* What you need to do *
The reply should hold every line of the listing exactly, and none of its images.

* Stored data *
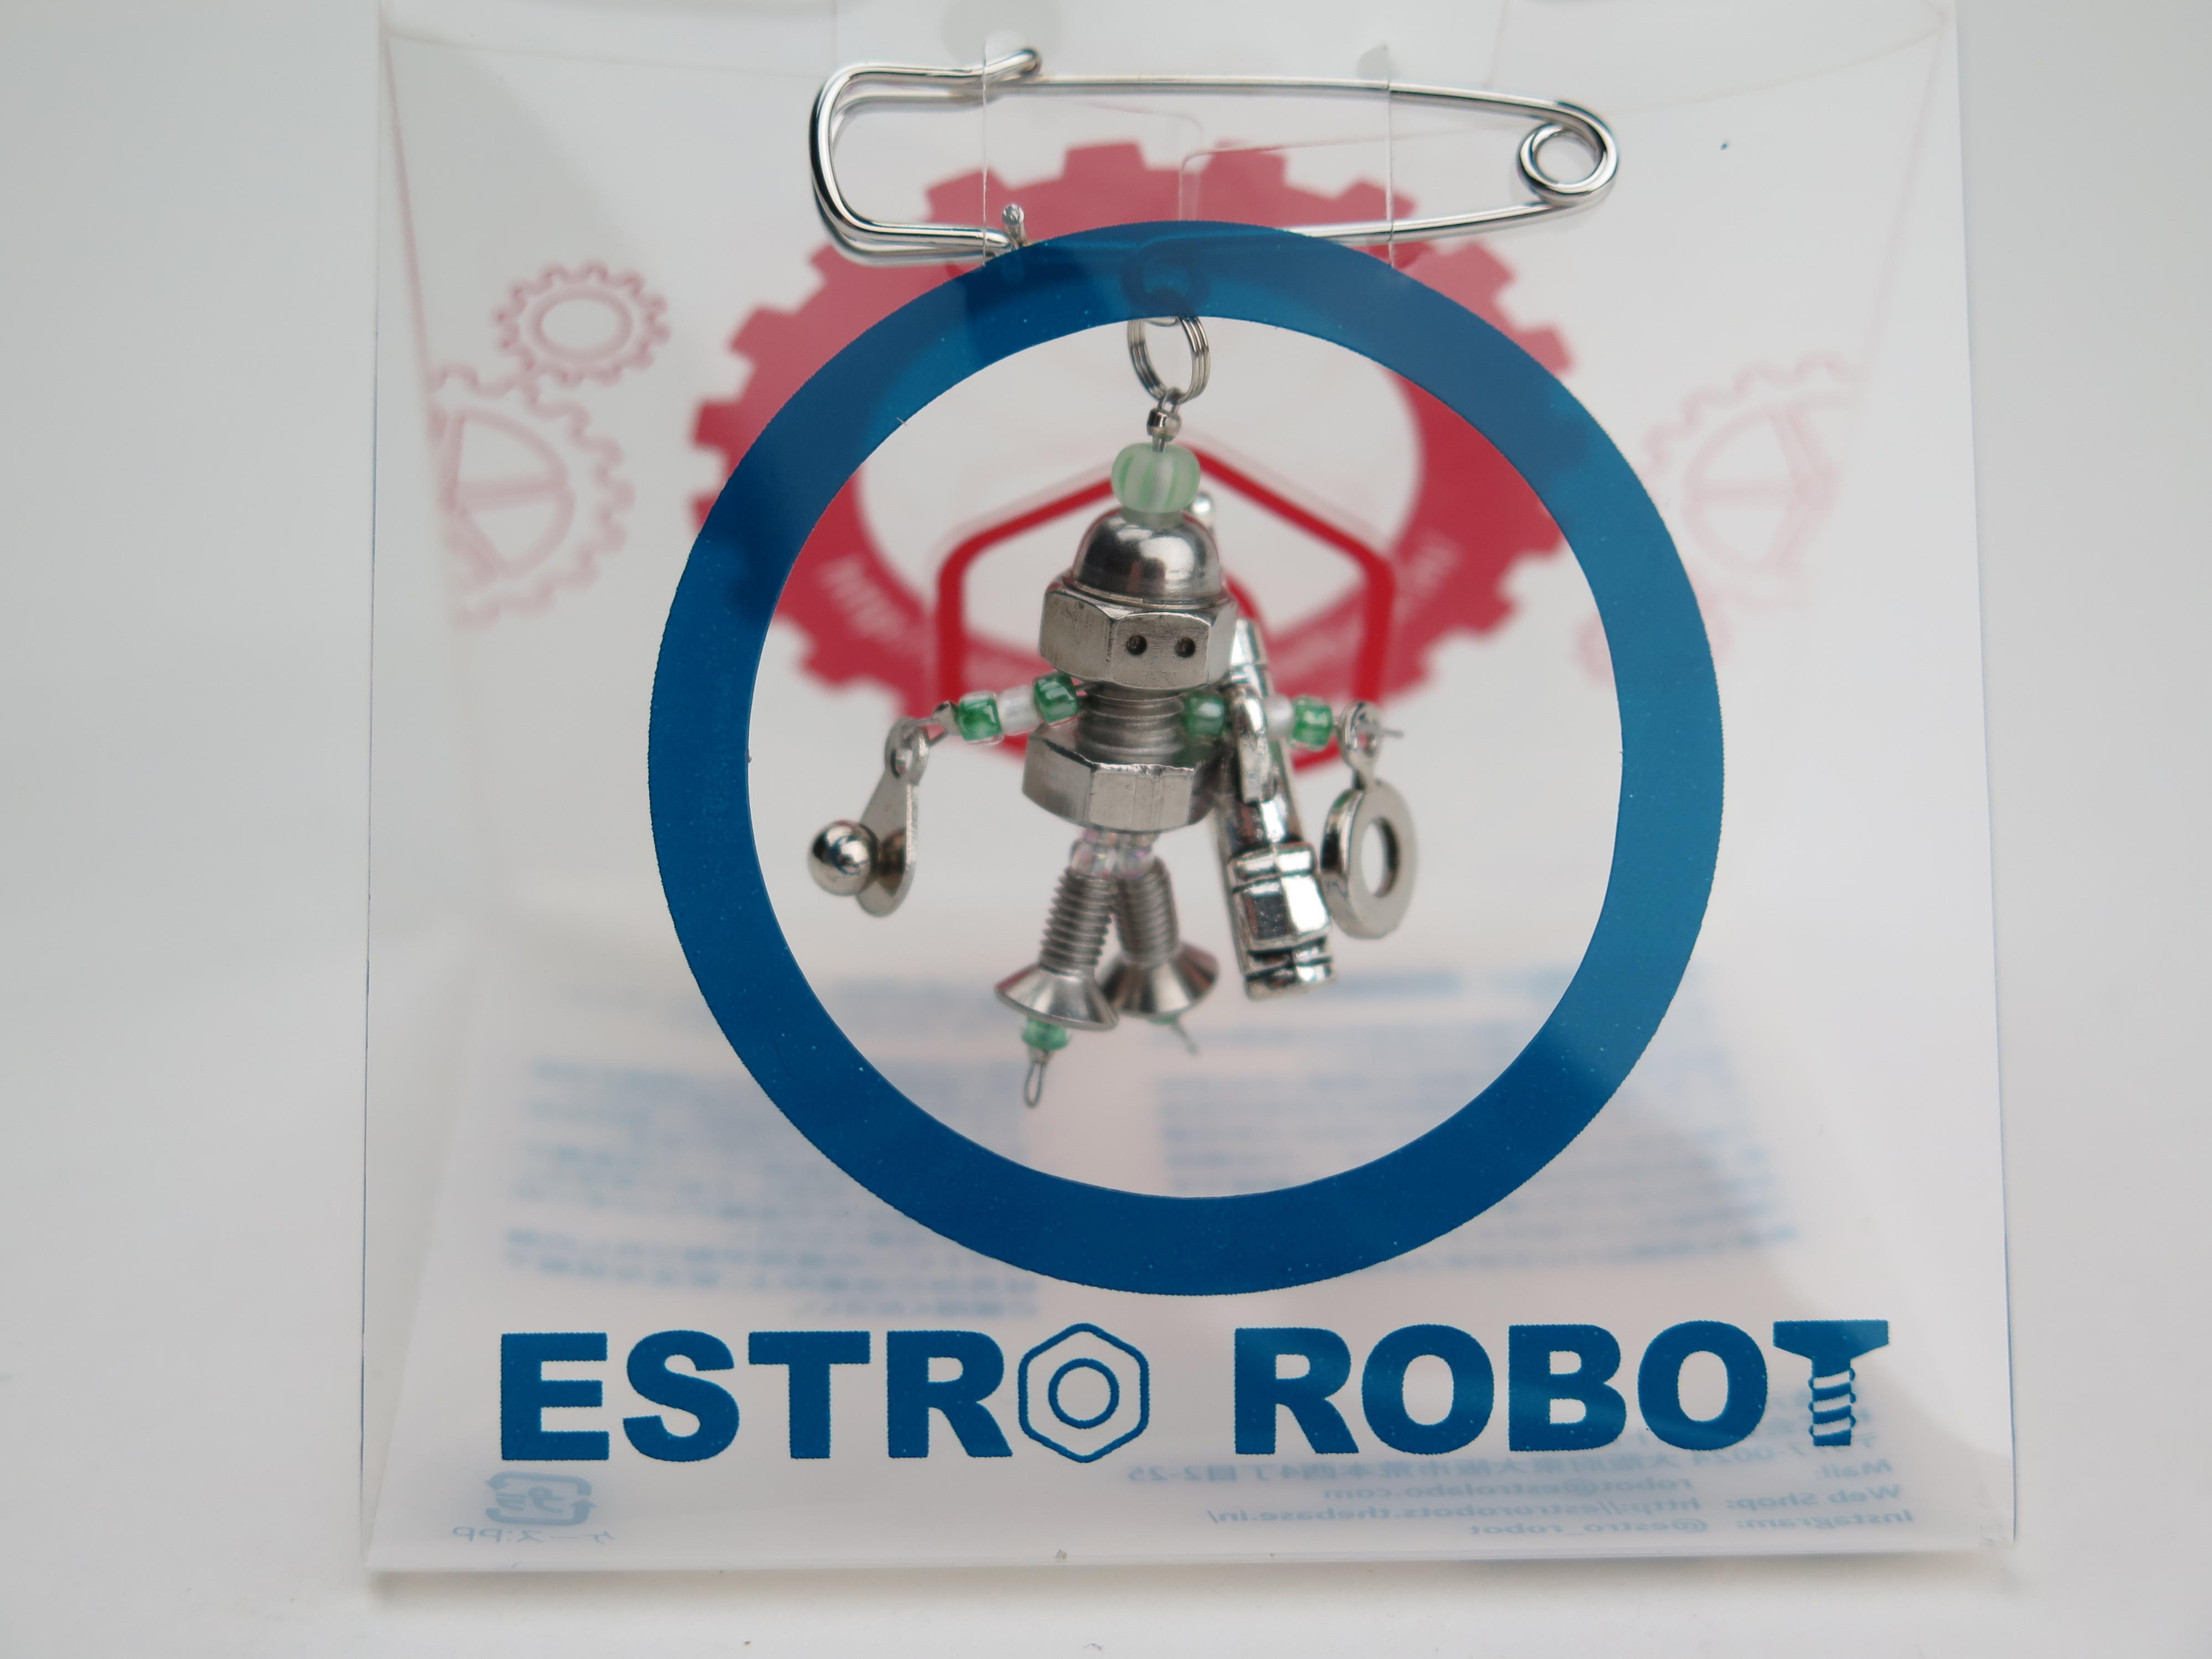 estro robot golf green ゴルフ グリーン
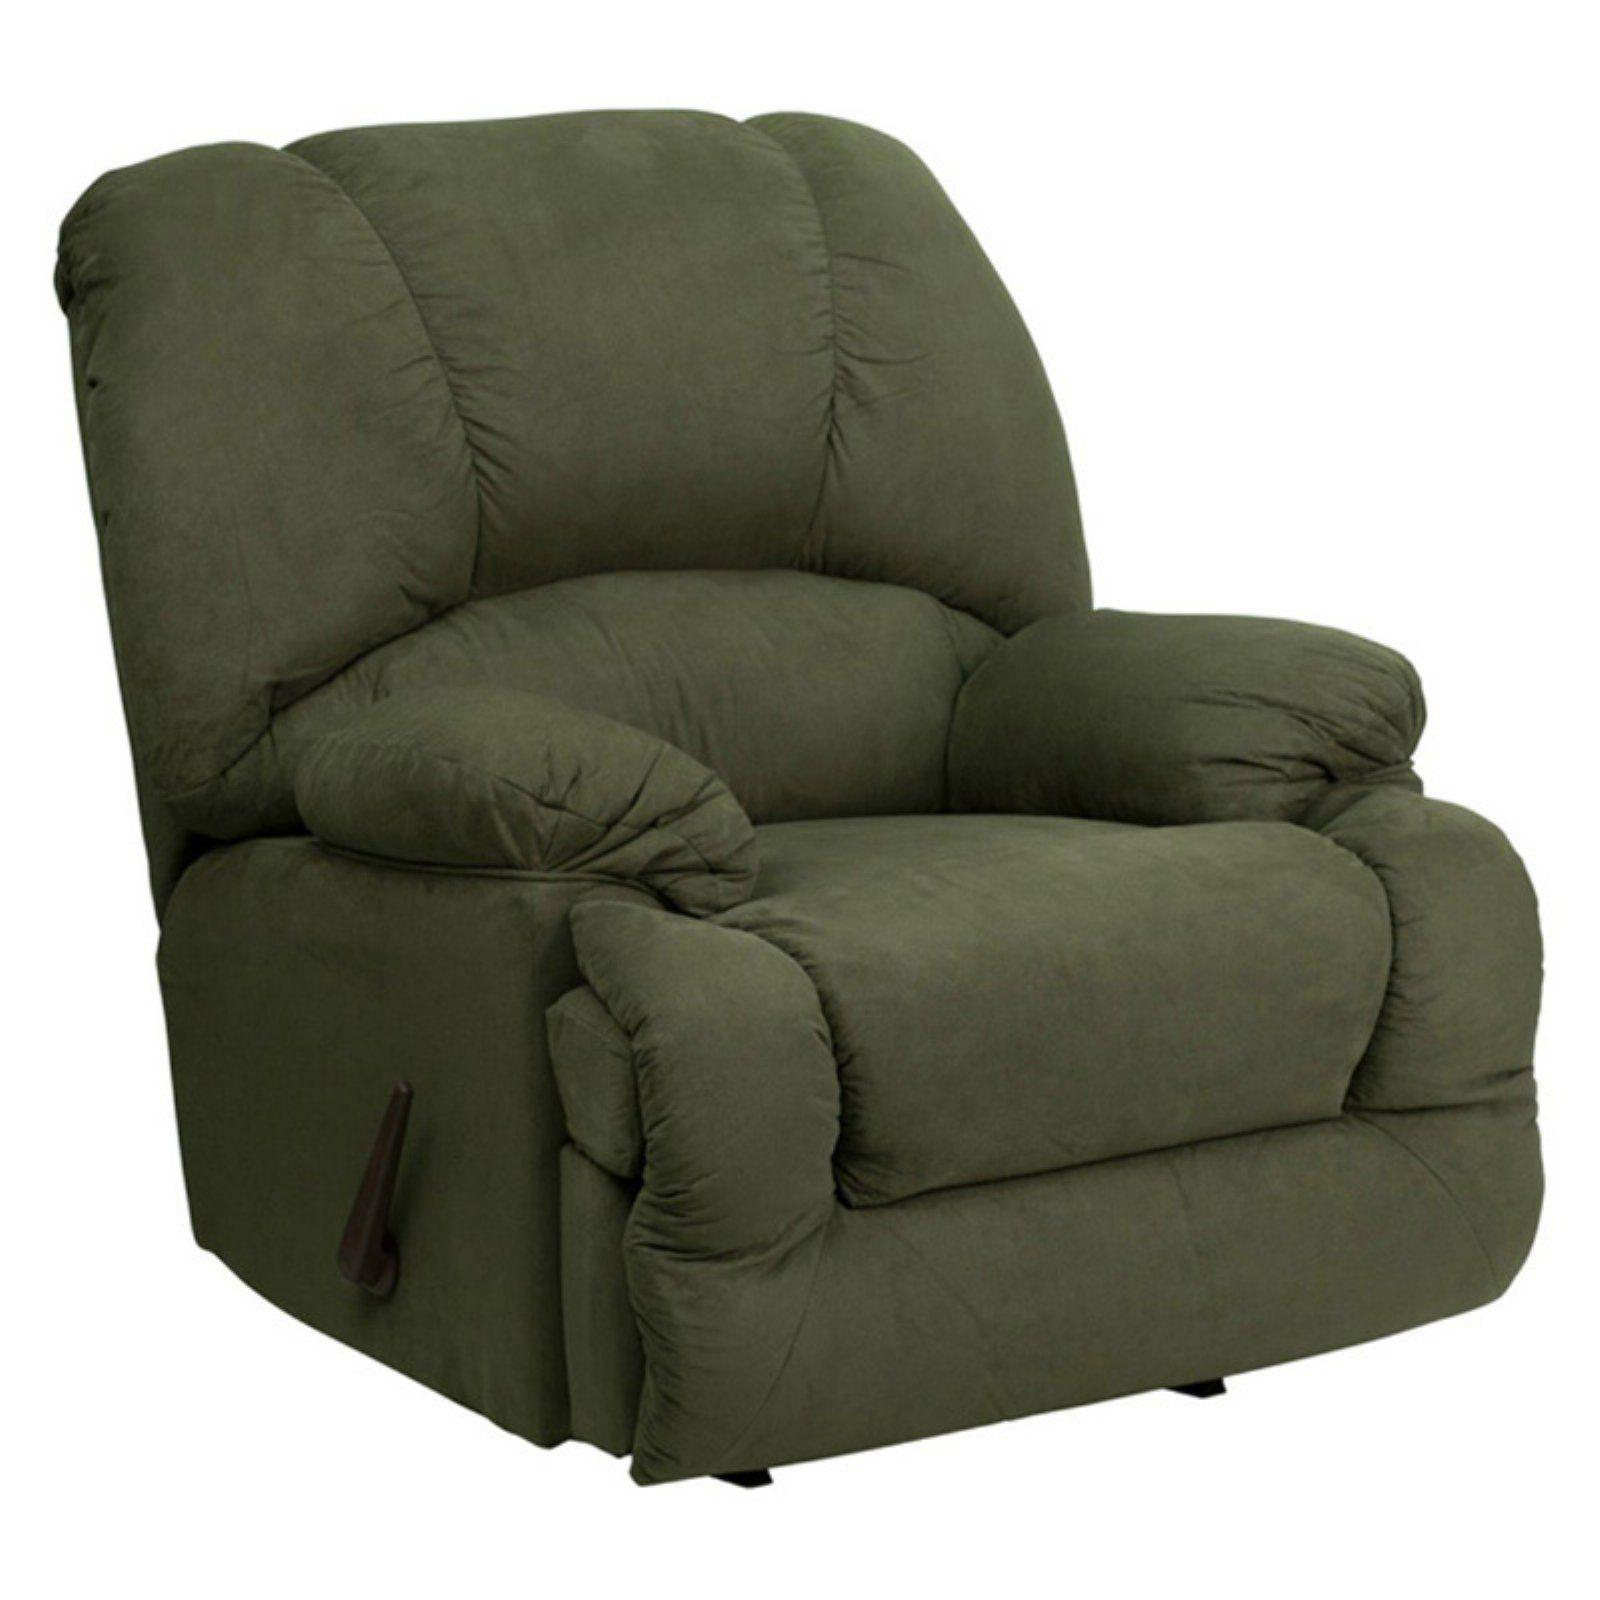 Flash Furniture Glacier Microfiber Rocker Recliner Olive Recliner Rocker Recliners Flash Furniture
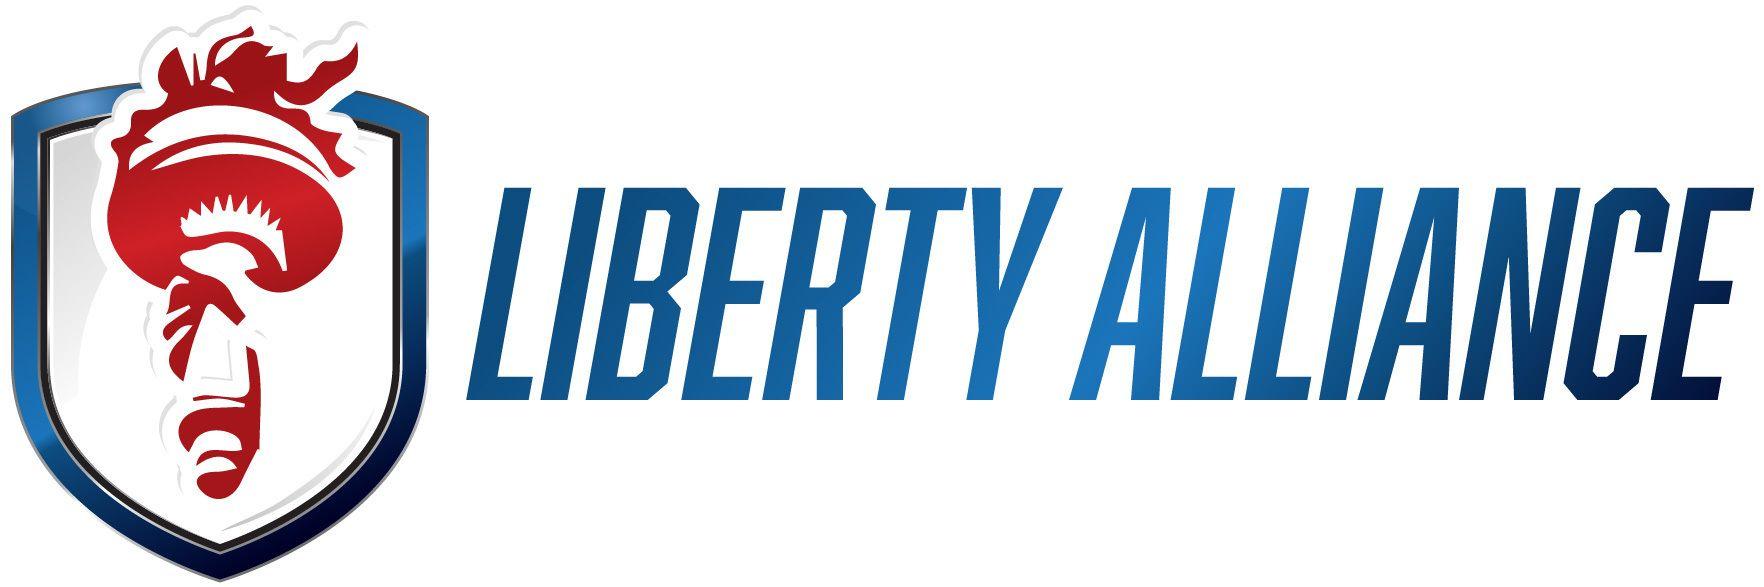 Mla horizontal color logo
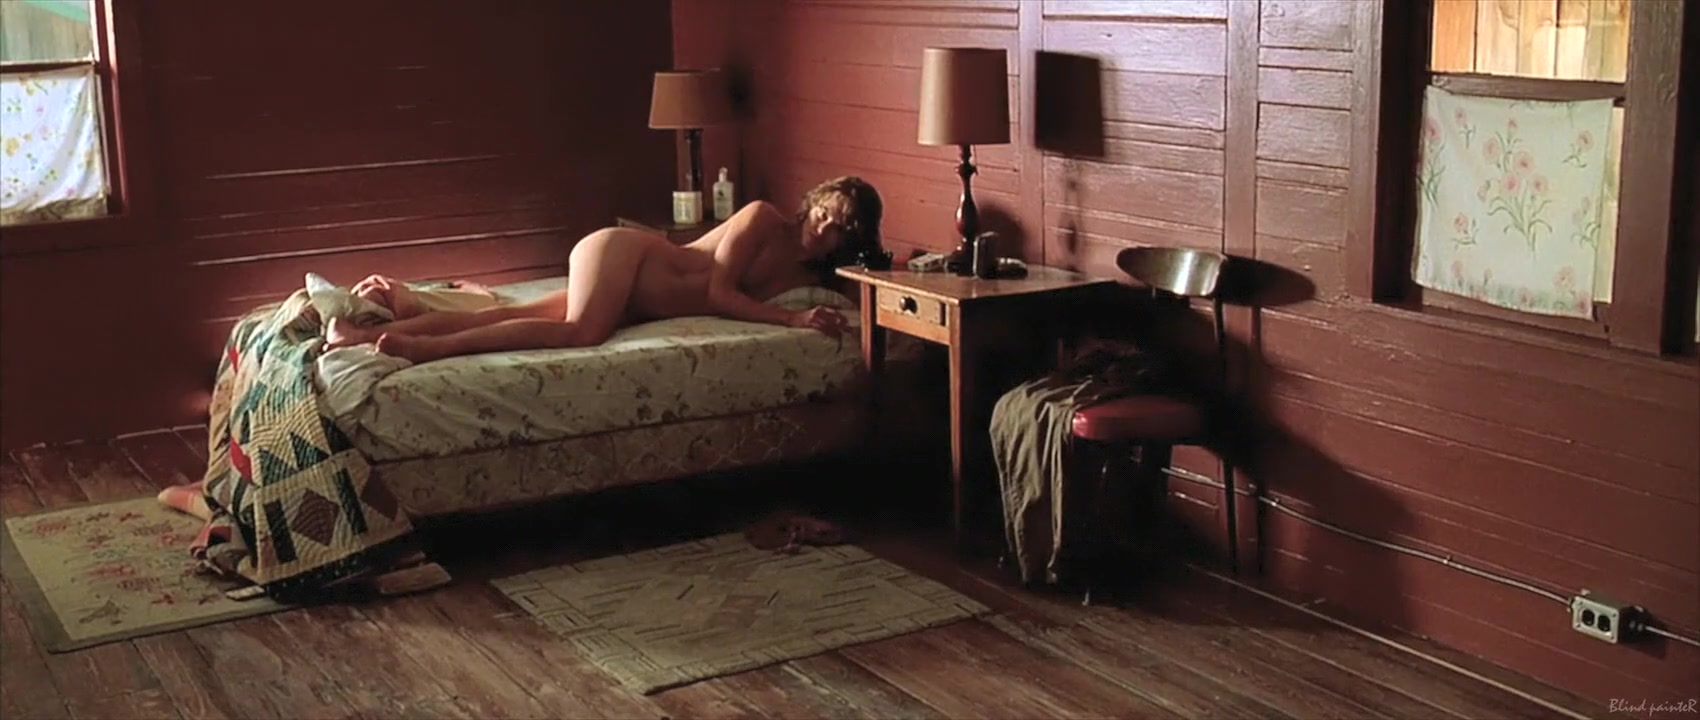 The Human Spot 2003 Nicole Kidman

* Result for this exercise *
 estro robot golf green ゴルフ グリーン
 Flash Furniture Glacier Microfiber Rocker Recliner Olive Recliner Rocker Recliners Flash Furniture
 Mla horizontal color logo
 The Human Spot 2003 Nicole Kidman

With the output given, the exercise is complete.